The required output is the exact text of the lines from the line containing "Дворец холста (The" through the final line below, inclusive, without pictures.

::: Source data :::

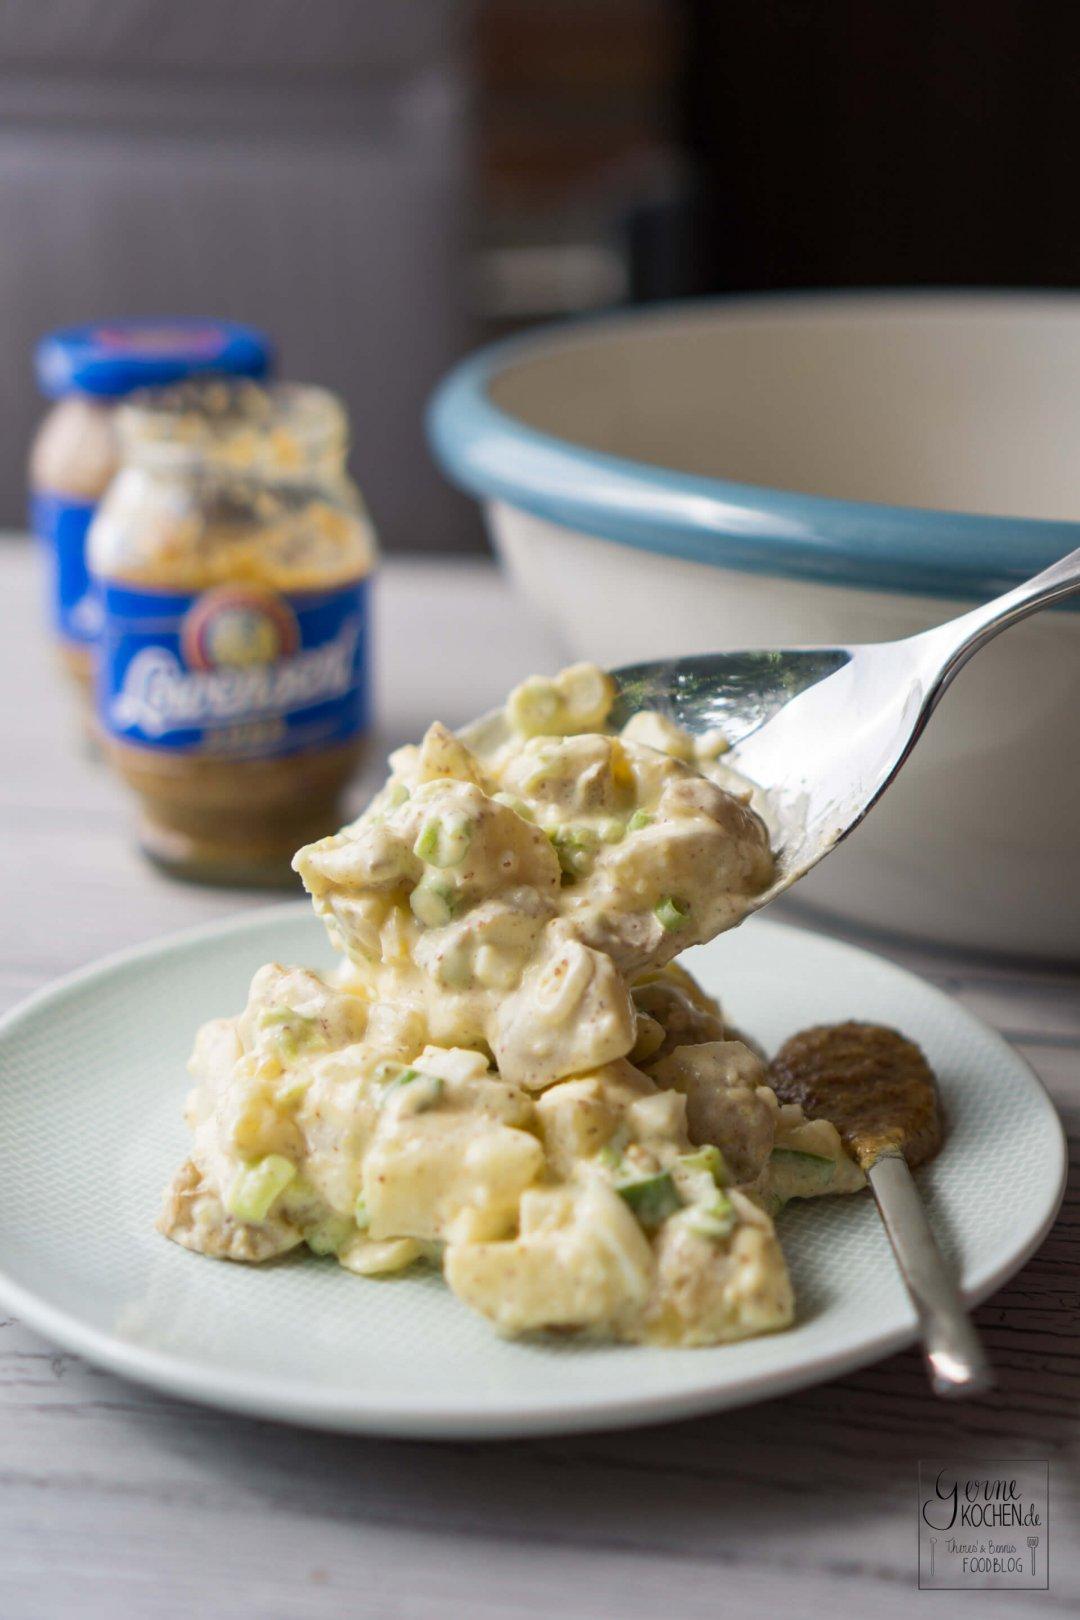 rezept kartoffelsalat mit s em senf. Black Bedroom Furniture Sets. Home Design Ideas
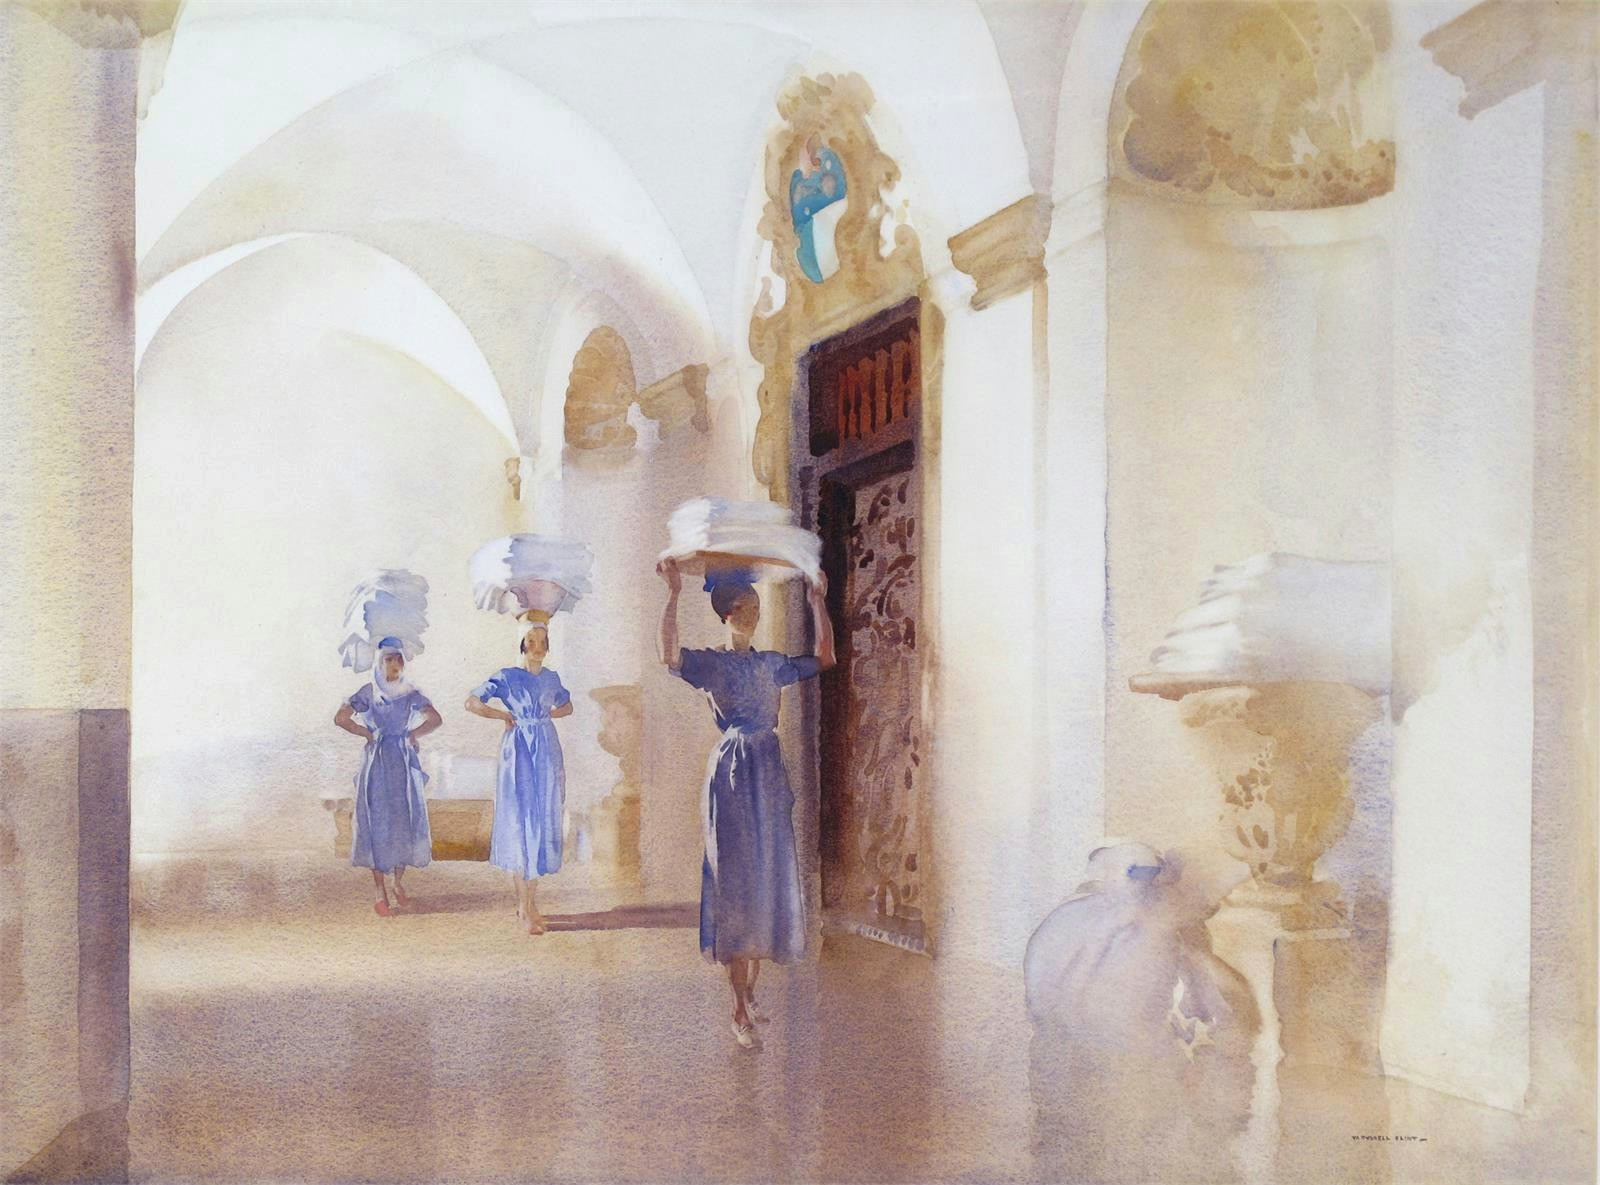 Дворец холста (The Palace Linen)_50 x 67.5_бумага, акварель_Частное собрание.jpg
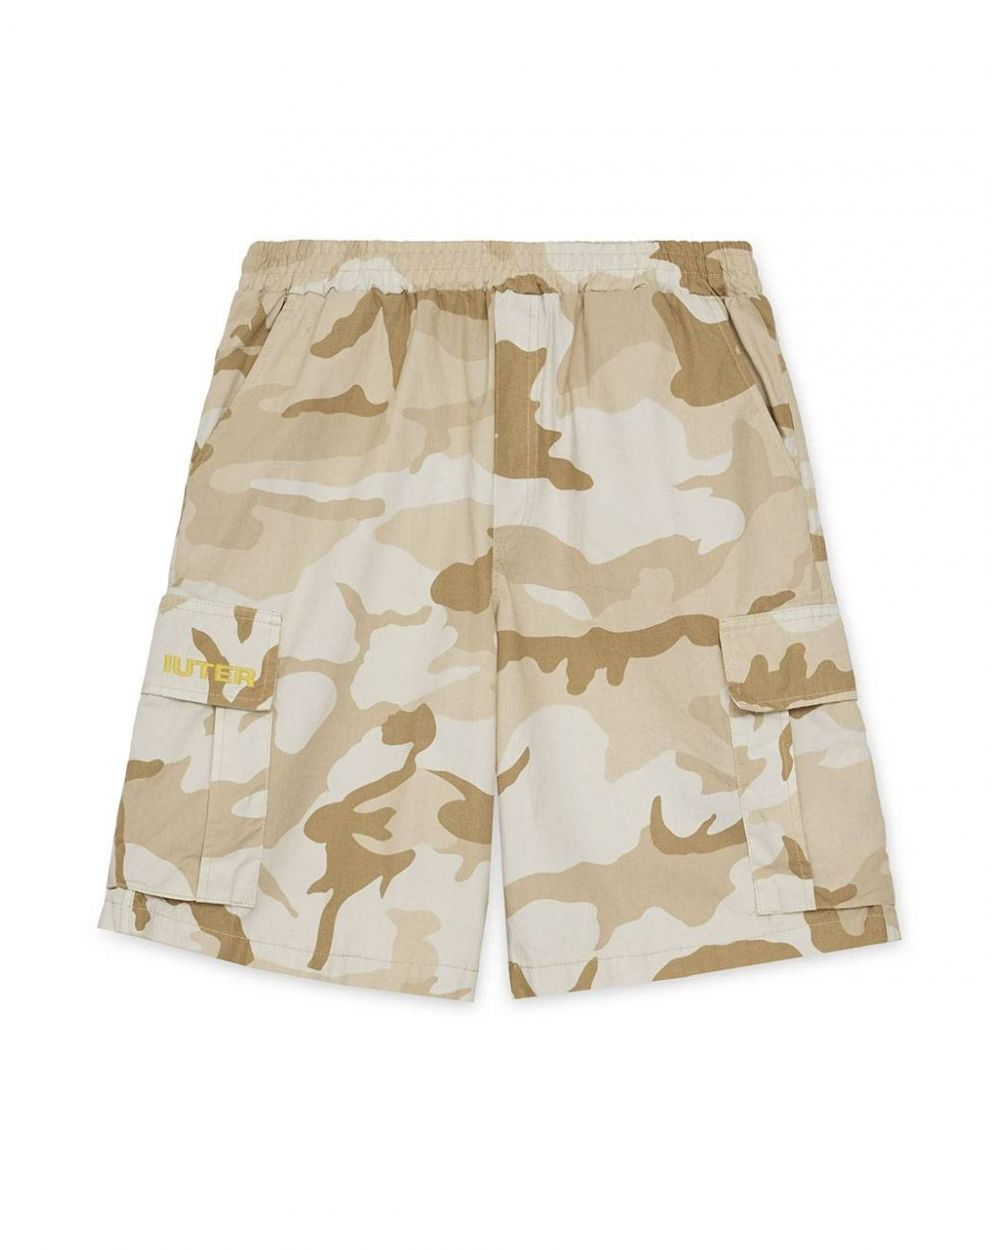 Iuter Cargo camo shorts - beige IUTER Shorts 109,00€
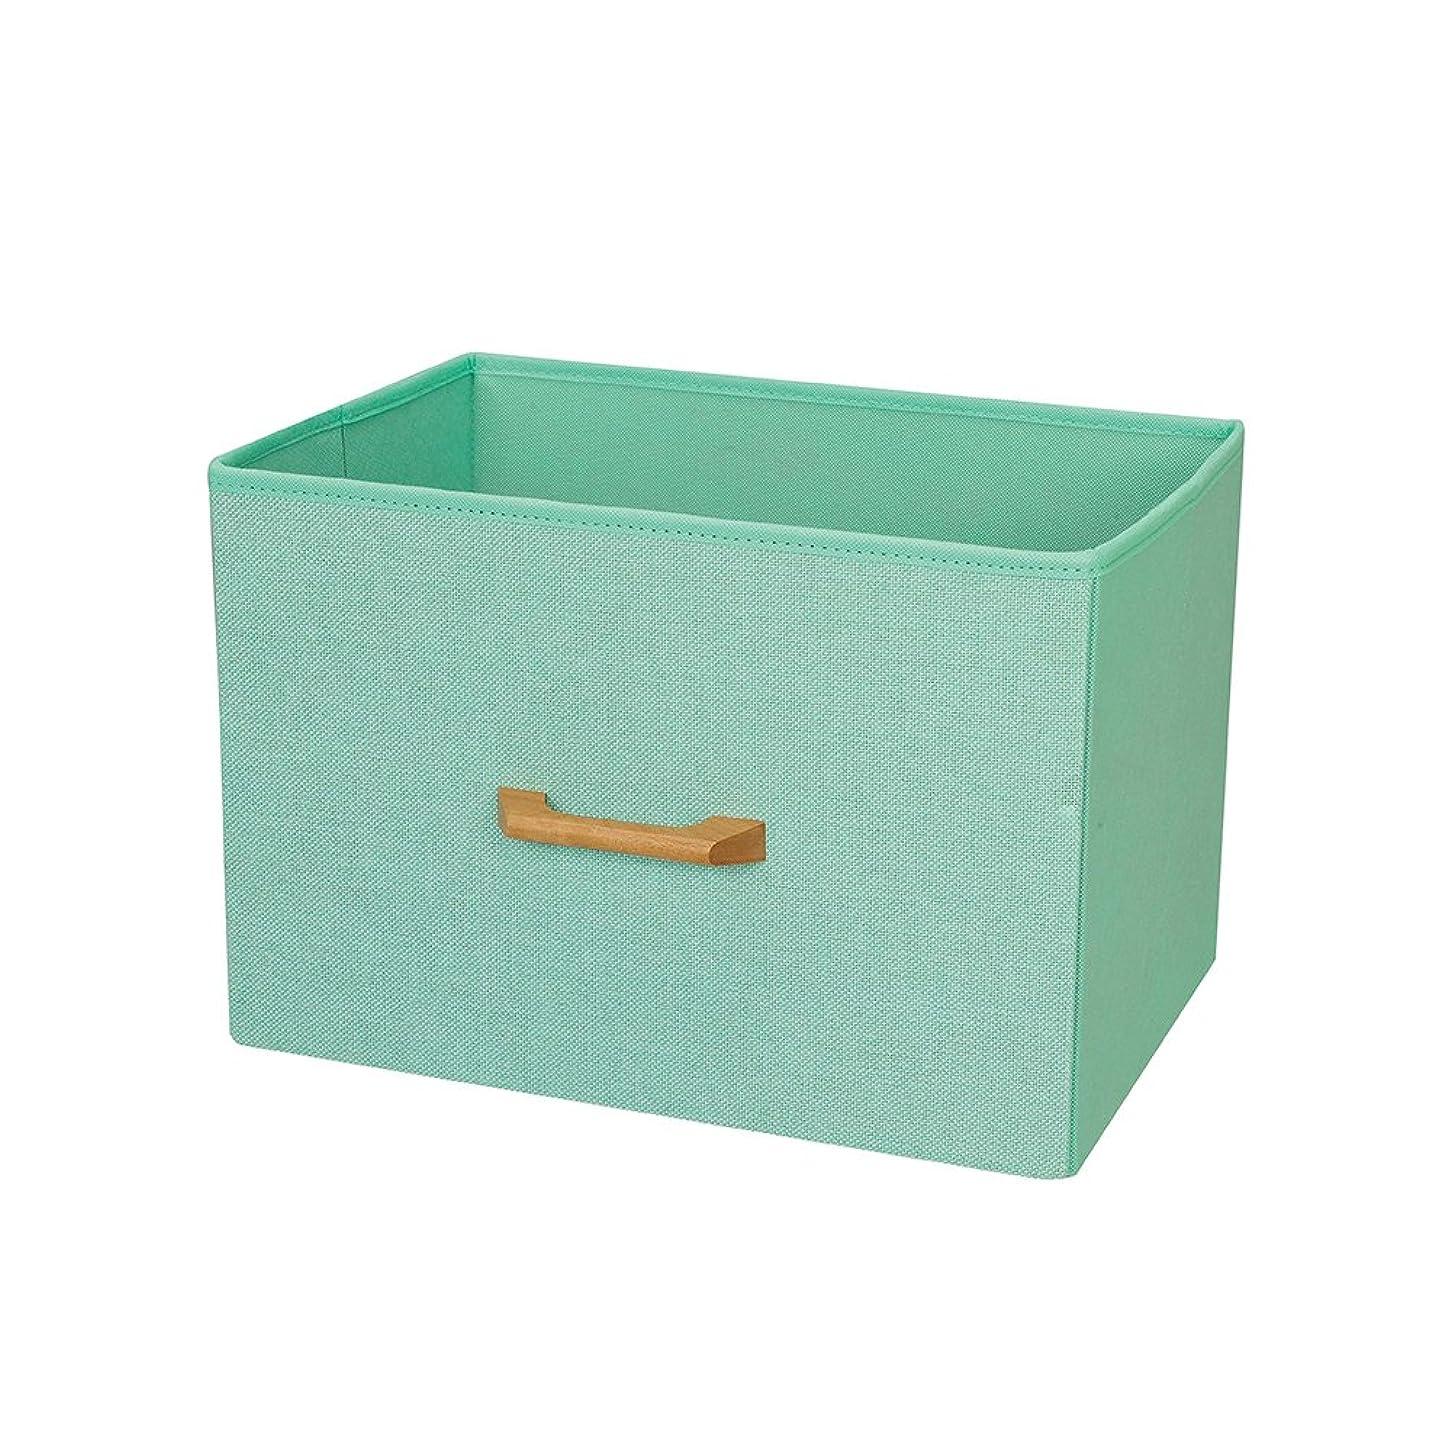 欠陥予防接種する苗カラーボックス 収納ボックス 縦置き 横型 木製ハンドル ミントグリーン 幅38×奥行26×高さ26cm NWH3826-MT

:::

Answer section:
 Дворец холста (The Palace Linen)_50 x 67.5_бумага, акварель_Частное собрание.jpg
 Iuter Cargo camo shorts - beige IUTER Shorts 109,00€
 欠陥予防接種する苗カラーボックス 収納ボックス 縦置き 横型 木製ハンドル ミントグリーン 幅38×奥行26×高さ26cm NWH3826-MT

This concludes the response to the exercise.